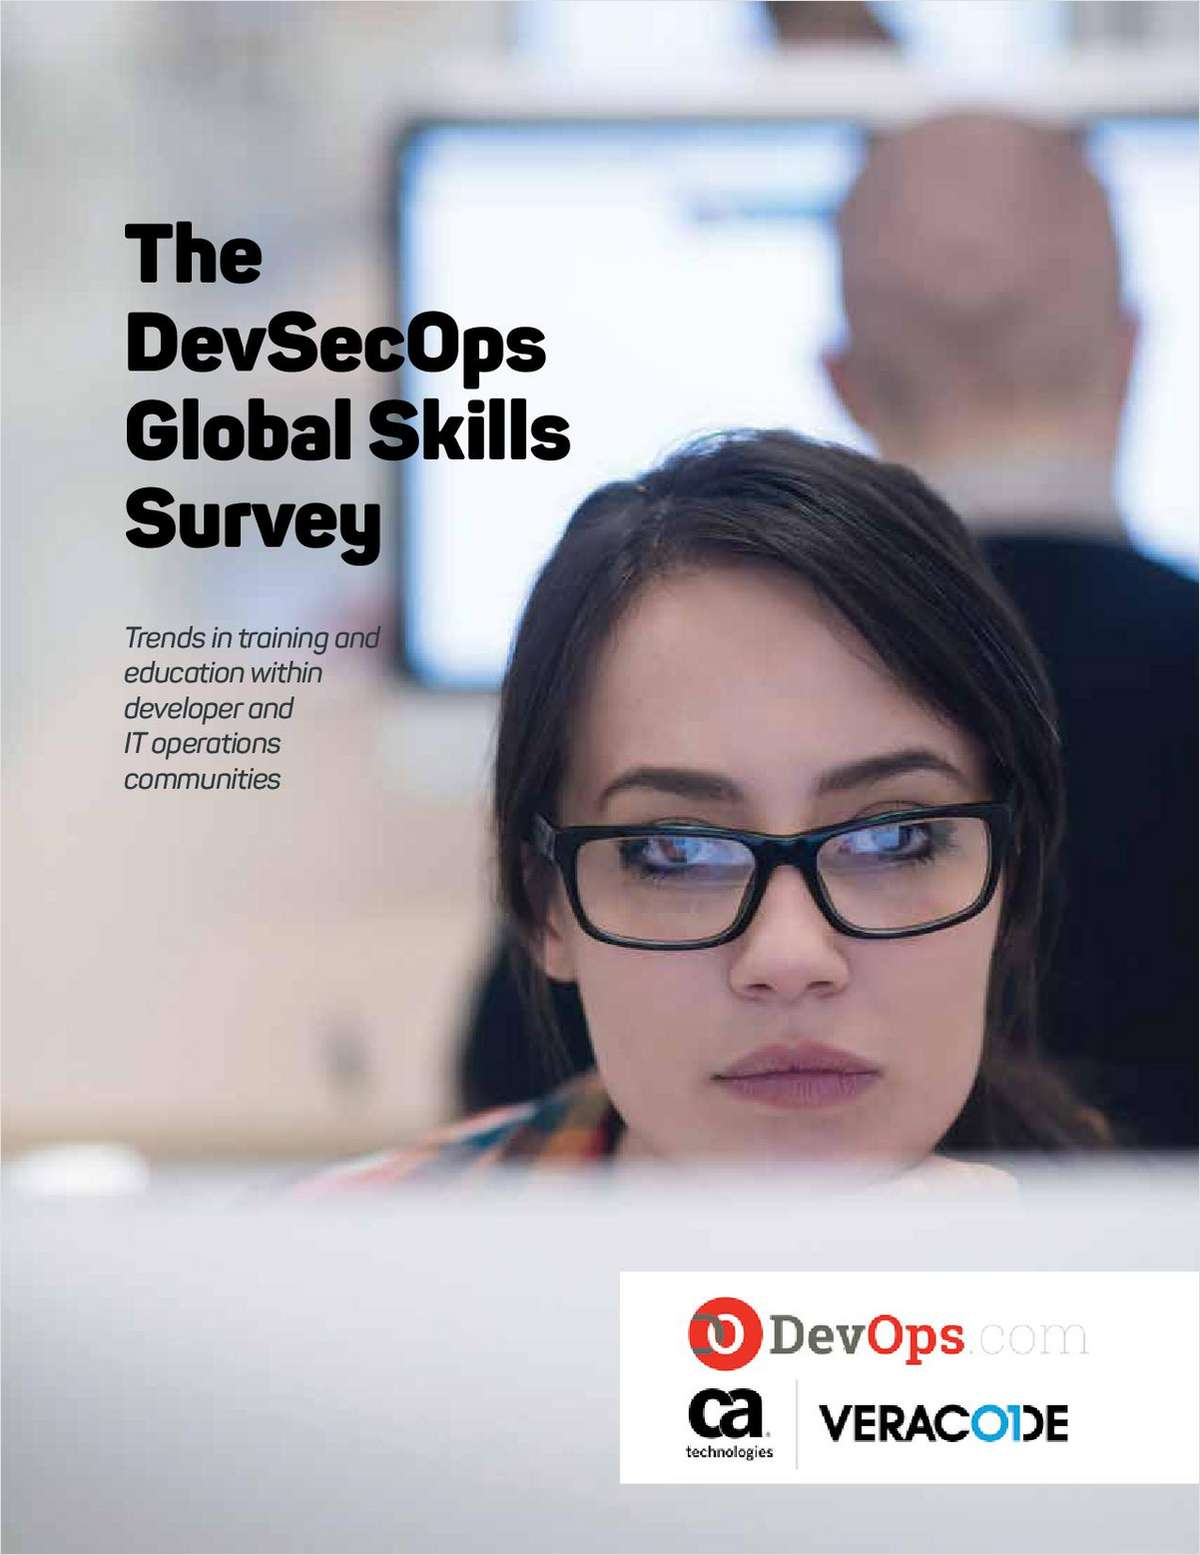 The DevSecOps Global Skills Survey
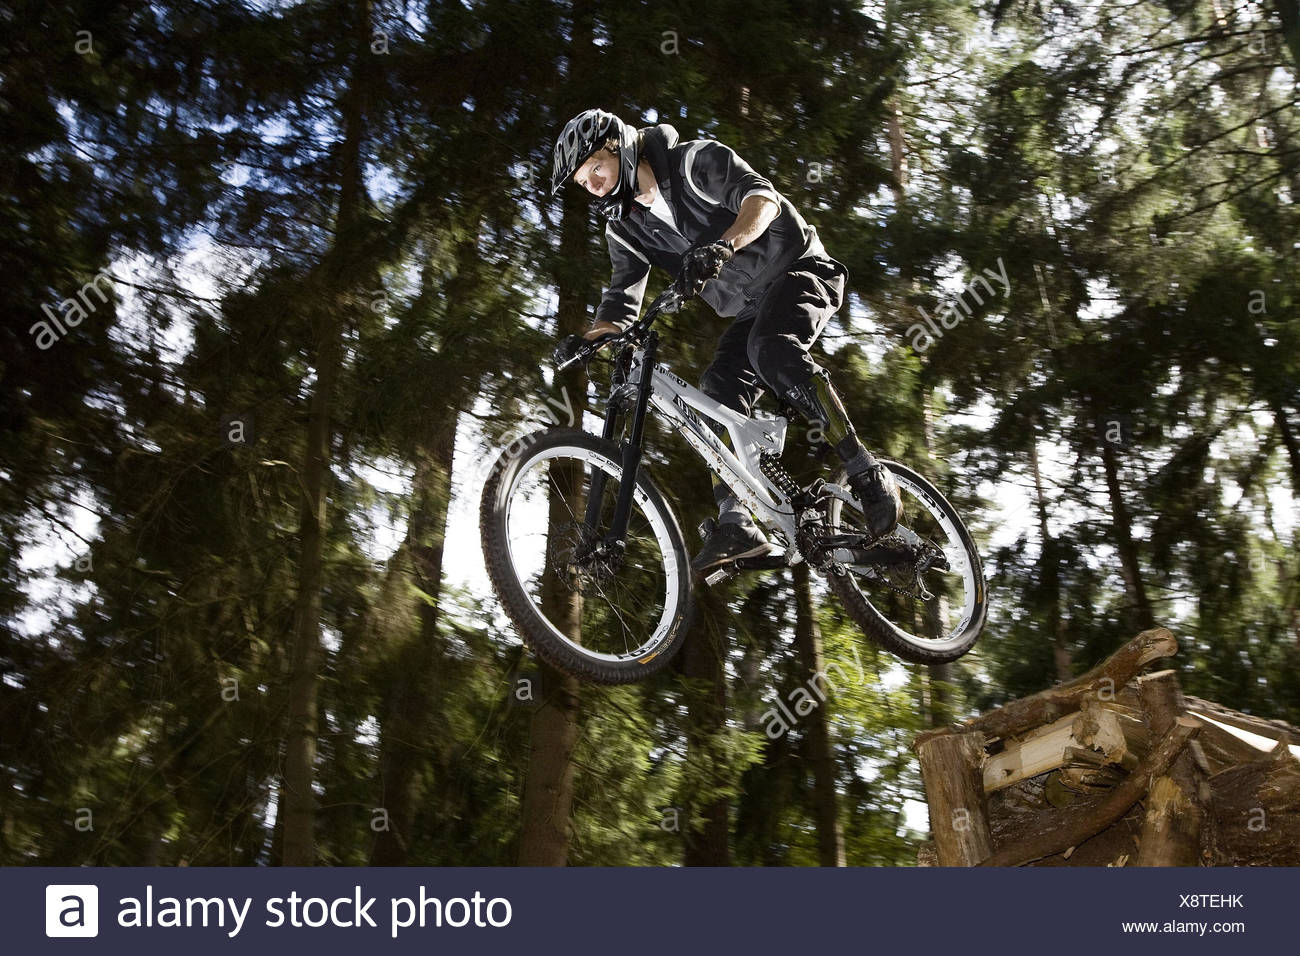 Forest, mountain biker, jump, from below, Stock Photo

----------

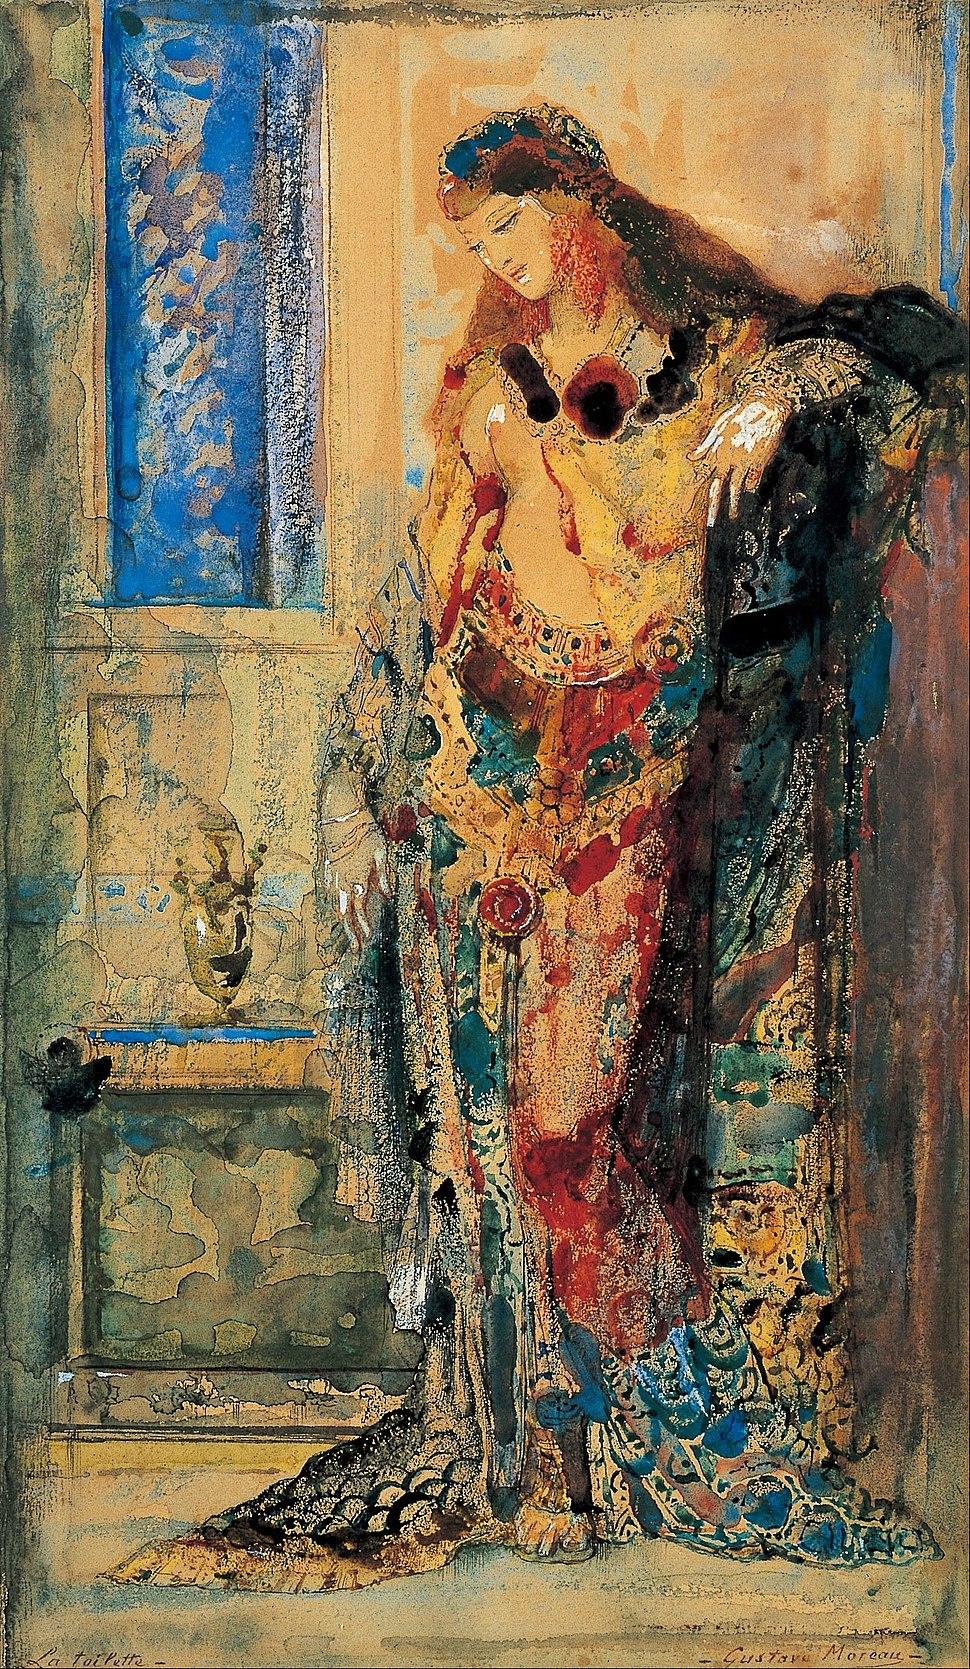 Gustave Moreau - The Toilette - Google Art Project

----------

Please print the lines above word for word, starting at the one with "The DevSecOps Global Skills Survey" and ending at the one with "Forest, mountain biker, jump, from", both included, and without any picture.

 The DevSecOps Global Skills Survey
 Forest, mountain biker, jump, from below, Stock Photo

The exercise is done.